Posted On: Aug. 25, 2013 12:00 AM CST

Federal legislation introduced this summer seeks to reduce worker musculoskeletal injuries by creating a national standard for the safe lifting and moving of patients in health care facilities.

A lack of nationally recognized safety standards is among issues hampering U.S. Occupational Safety and Health Administration efforts to reduce a high rate of worker injuries in hospitals and nursing homes, experts say.

The Nurse and Health Care Worker Protection Act of 2013, sponsored by Rep. John Conyers Jr., D-Mich., was introduced and referred to committee on June 25.

It incorporates safe patient-handling practices developed by a working group organized by the Silver Spring, Md.-based American Nurses Association, said Lori Severson, health care loss control consultant for Lockton Cos.
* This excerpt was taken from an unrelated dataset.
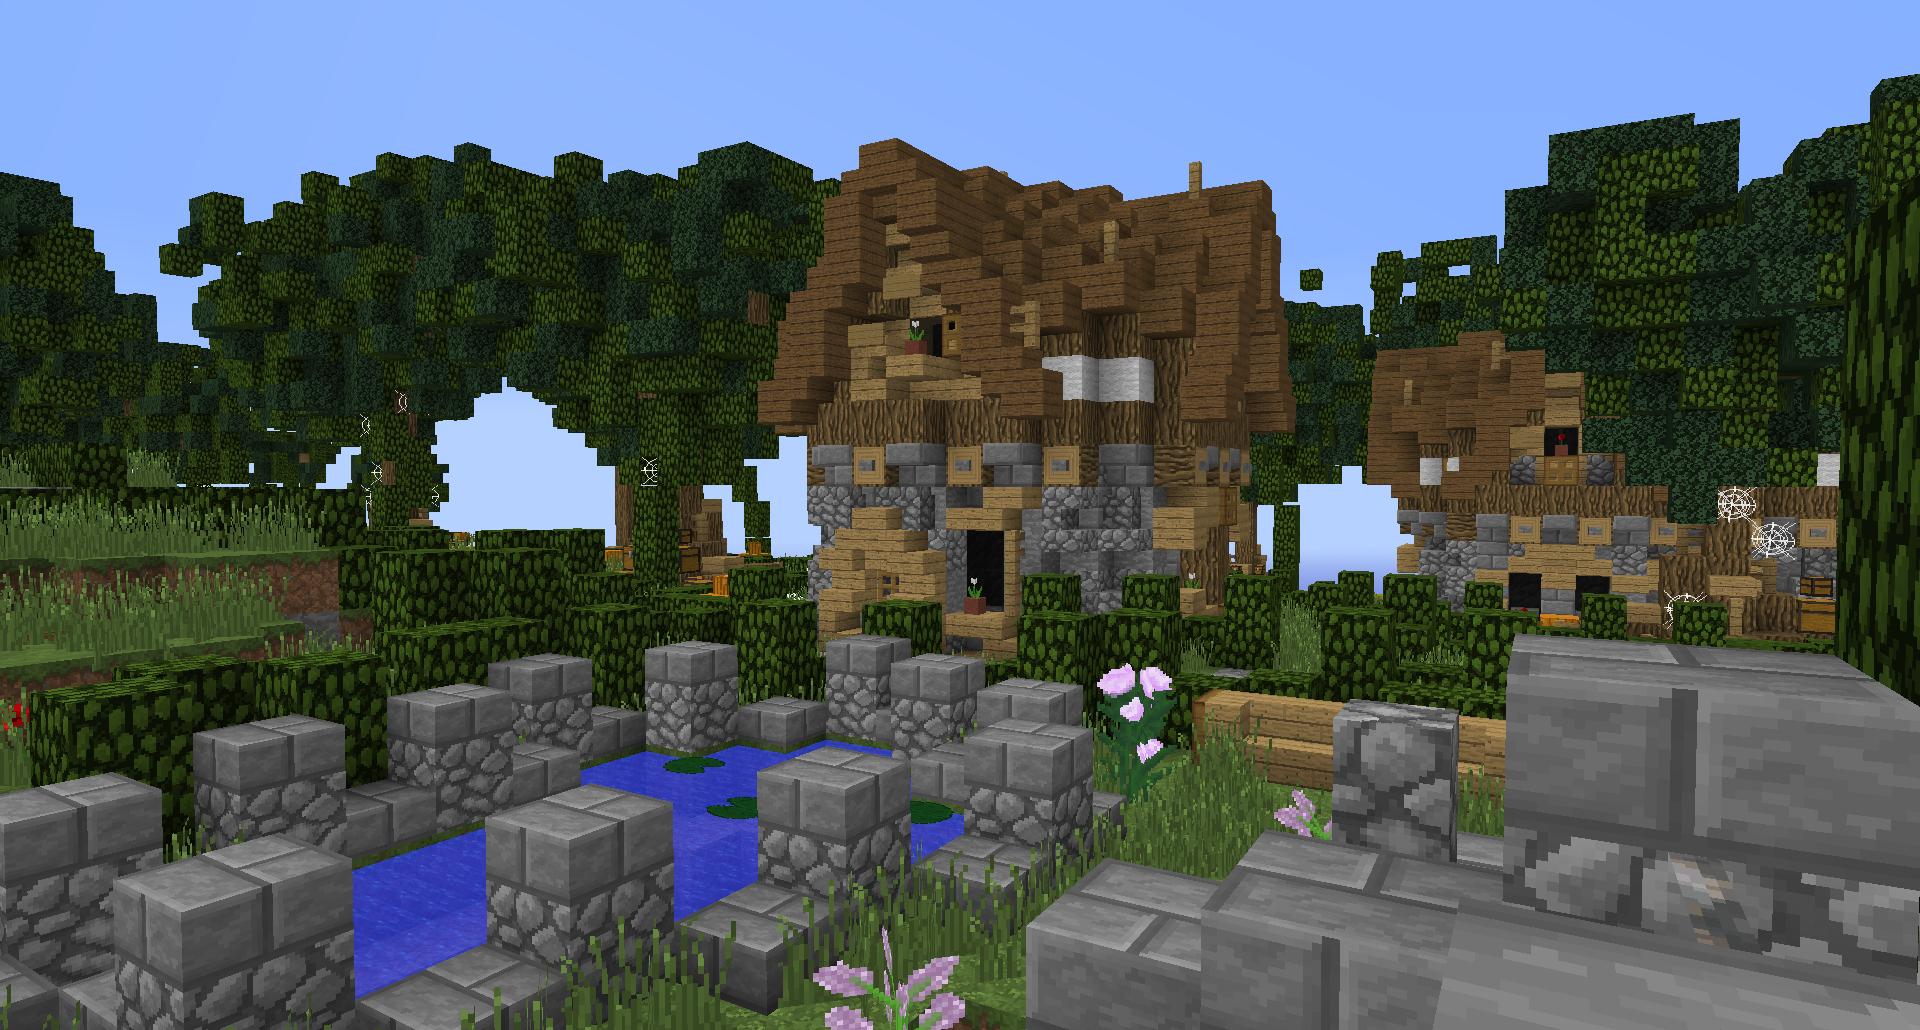 #minecraft #buildings #simple #fantasy #lollyherz #village #house #garden #steampunk #build #fantasygarden #pond

L.L.C. in Denver.

Ms. Severson participated in the working group, as did ergonomics experts, physical therapists, patient-handling equipment manufacturers and others, the nurses association said.

They created eight core components or best practices that can be implemented across all aspects of health care. About a dozen states have adopted their own standards, but overall there is a lack of consistency in implementing patient-handling practices that reduce worker injuries, she said.

“Here is one of the leaders causing huge dollars being spent on workplace injuries, and there are no occupational safety standards addressing it,” Ms. Severson said.

But incorporating such standards into law could give OSHA inspectors the ability to review health care companies' implementation of the practices.